REQUIRED ACTION -> Could the listing below be reproduced exactly, minus its pictures?

SOURCE DATA ->
========

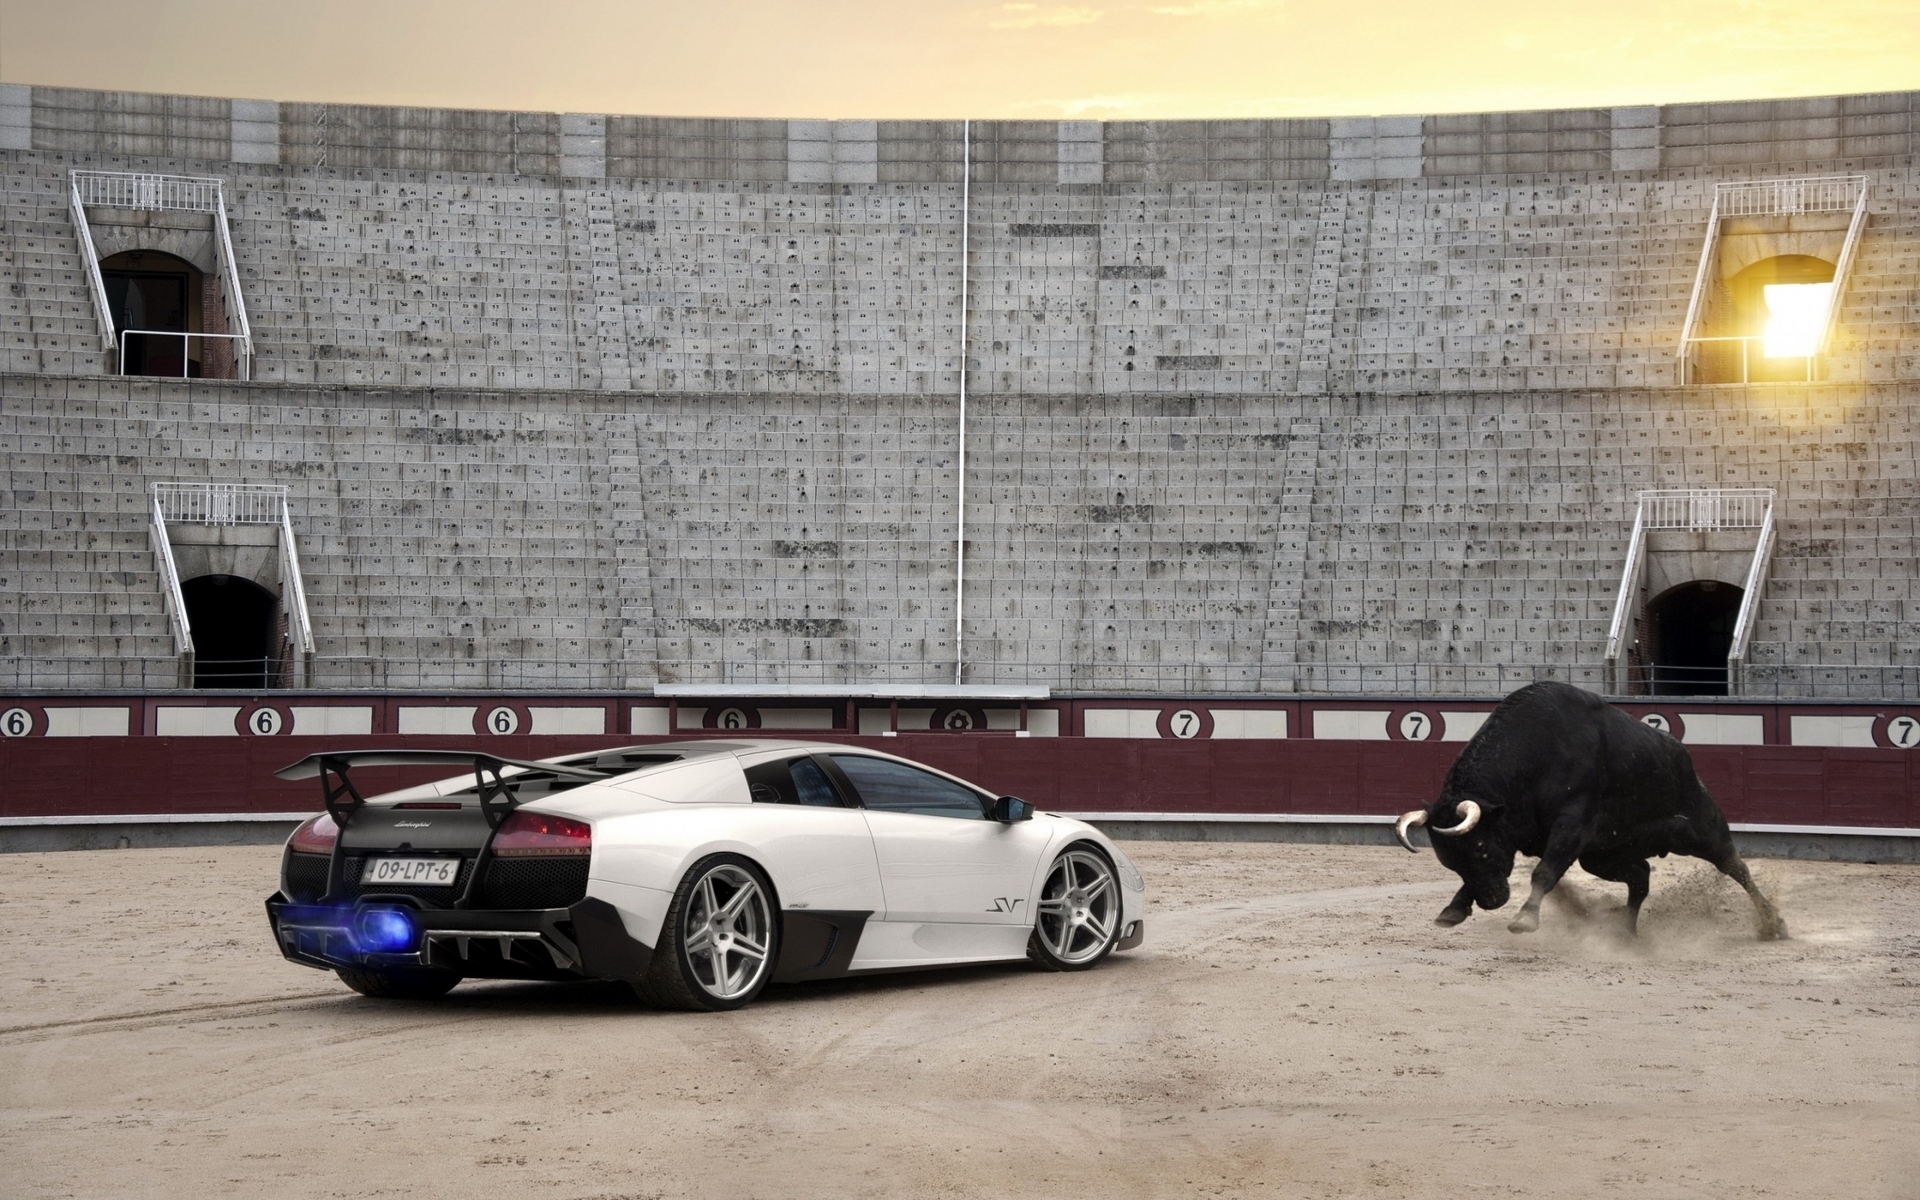 Картинка: Суперкар, Lamborghini, murcielago, lp670-4, sv, буйвол, битва, сражение, арена
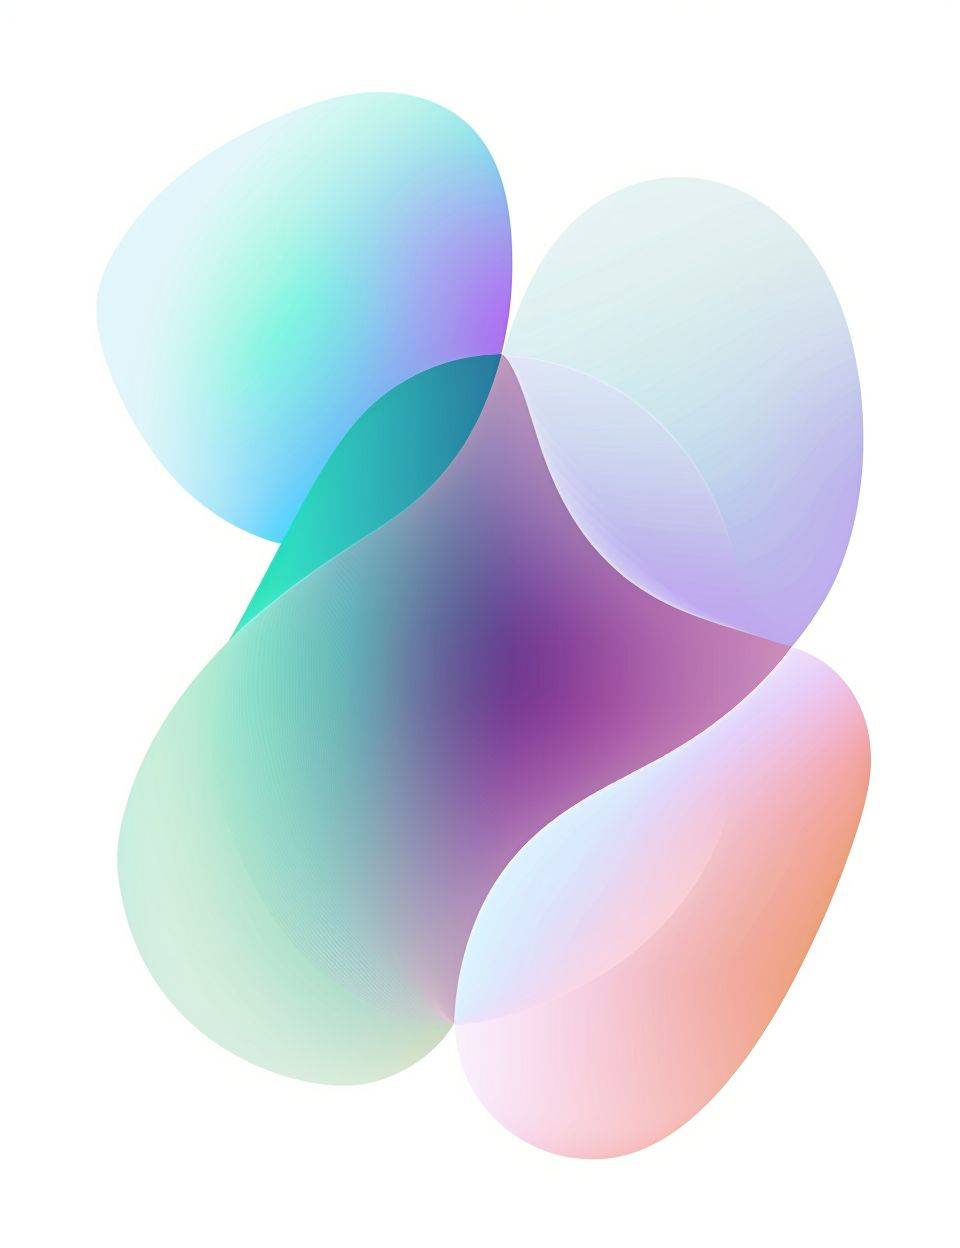 パステルカラーの抽象的なベクトル形状を使用し、Glowing Holographic Gradientのために洗練されたモダンなロゴを作成します。デザインには、パープル、ブルー、ピンク、グリーンの滑らかなグラデーションが特徴で、柔らかく華やかな外観を与えます。流れるような動きを暗示する大きく丸みを帯びた形状が取り入れられており、一方で「bi compilation」のスタイルの控えめなテキストが添えられています。この構図はシンプルさとカラーバイブランシーの間に調和の取れたバランスを生み出しており、ブランド名としてのシンボルとして適しています。
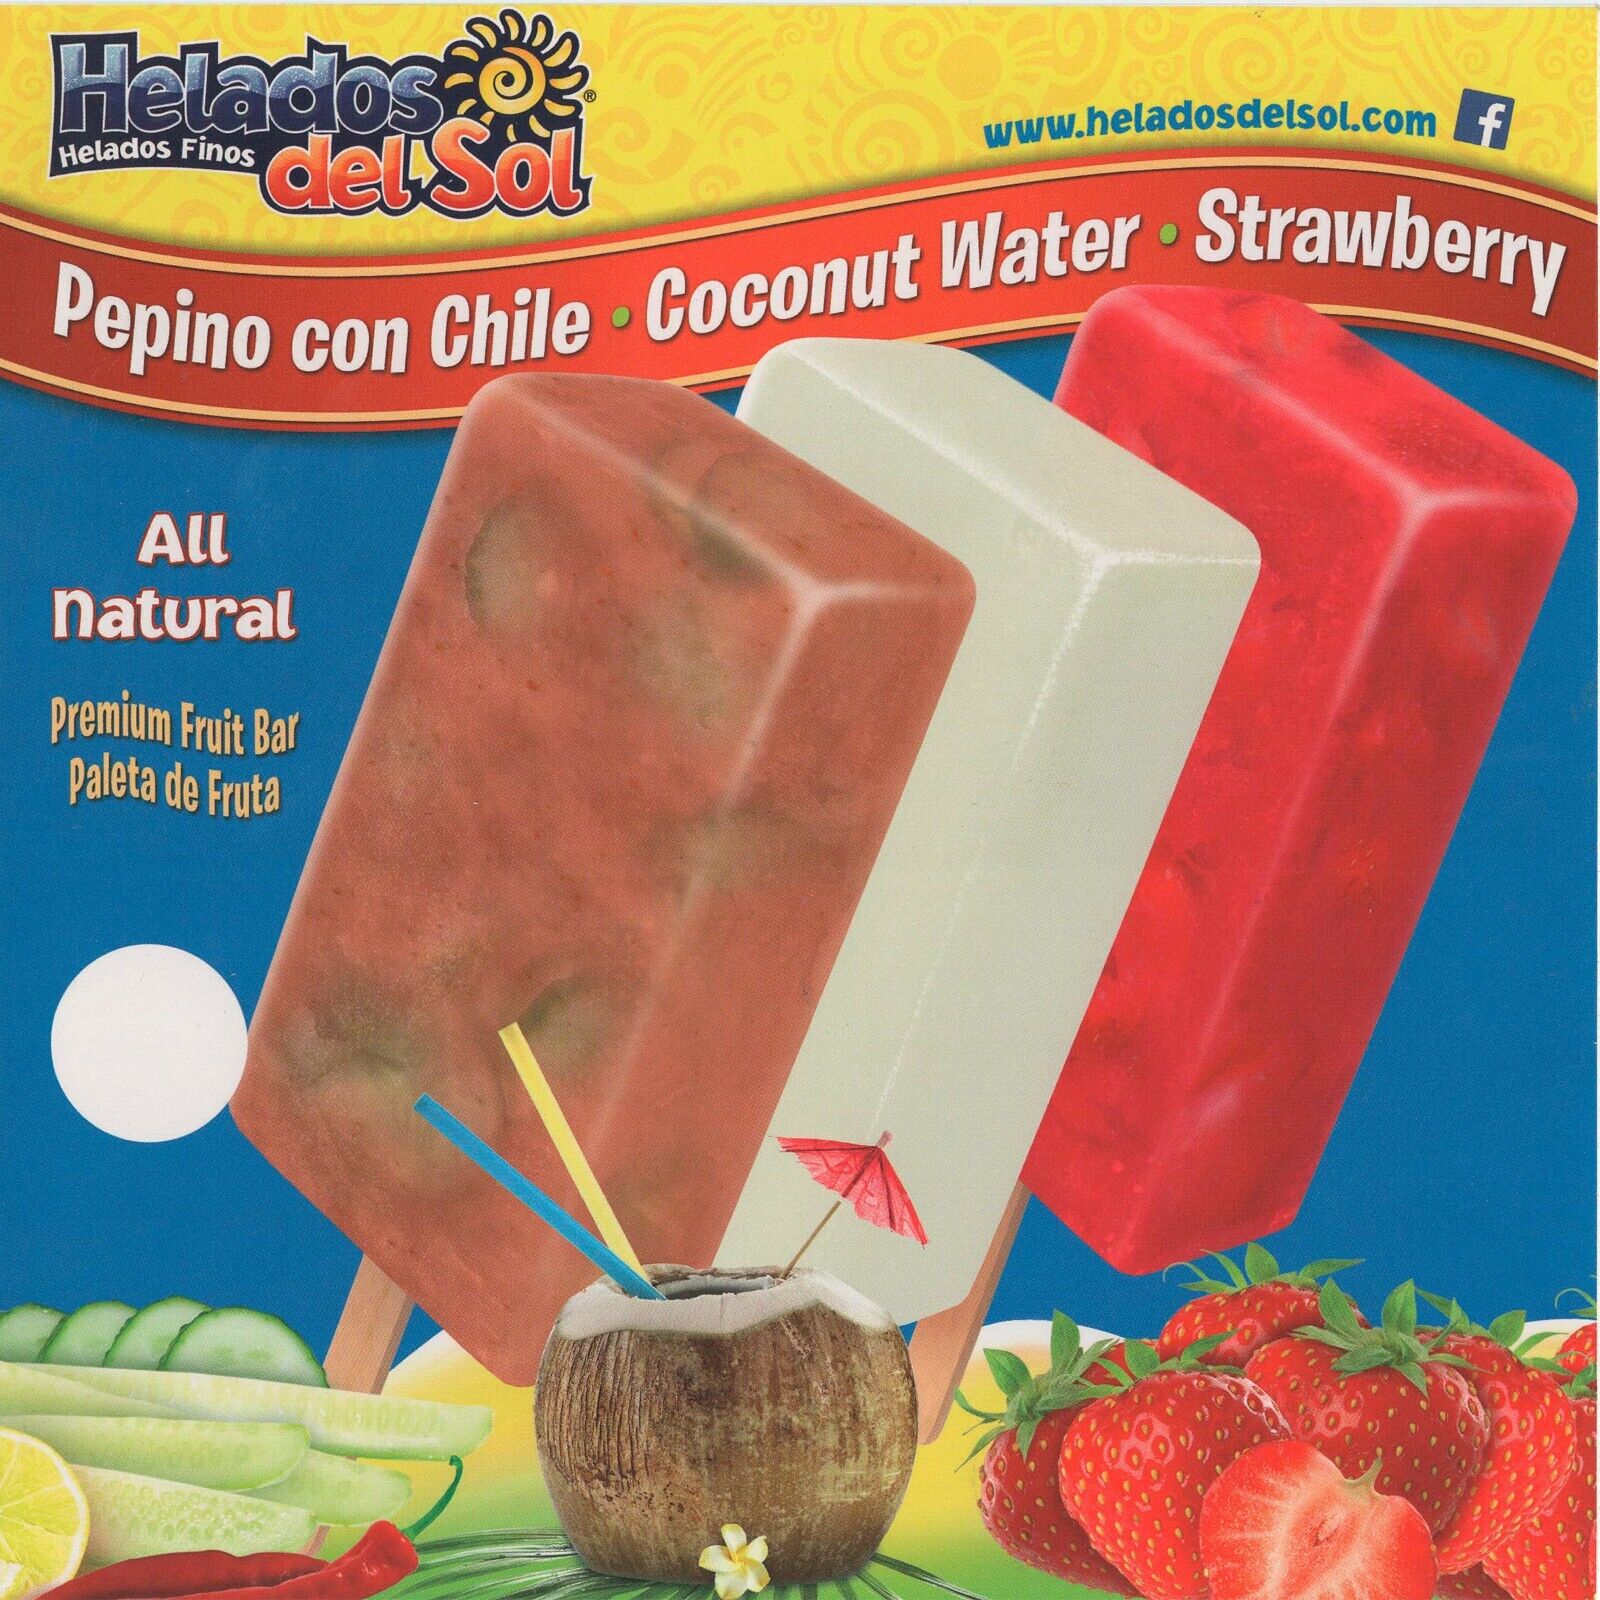 Helados del Sol Pepino con Chile, Coconut Water, Strawberry Ice, Sticker 8\

========

YOUR RESPONSE ->
 Картинка: Суперкар, Lamborghini, murcielago, lp670-4, sv, буйвол, битва, сражение, арена
 パステルカラーの抽象的なベクトル形状を使用し、Glowing Holographic Gradientのために洗練されたモダンなロゴを作成します。デザインには、パープル、ブルー、ピンク、グリーンの滑らかなグラデーションが特徴で、柔らかく華やかな外観を与えます。流れるような動きを暗示する大きく丸みを帯びた形状が取り入れられており、一方で「bi compilation」のスタイルの控えめなテキストが添えられています。この構図はシンプルさとカラーバイブランシーの間に調和の取れたバランスを生み出しており、ブランド名としてのシンボルとして適しています。
 Helados del Sol Pepino con Chile, Coconut Water, Strawberry Ice, Sticker 8\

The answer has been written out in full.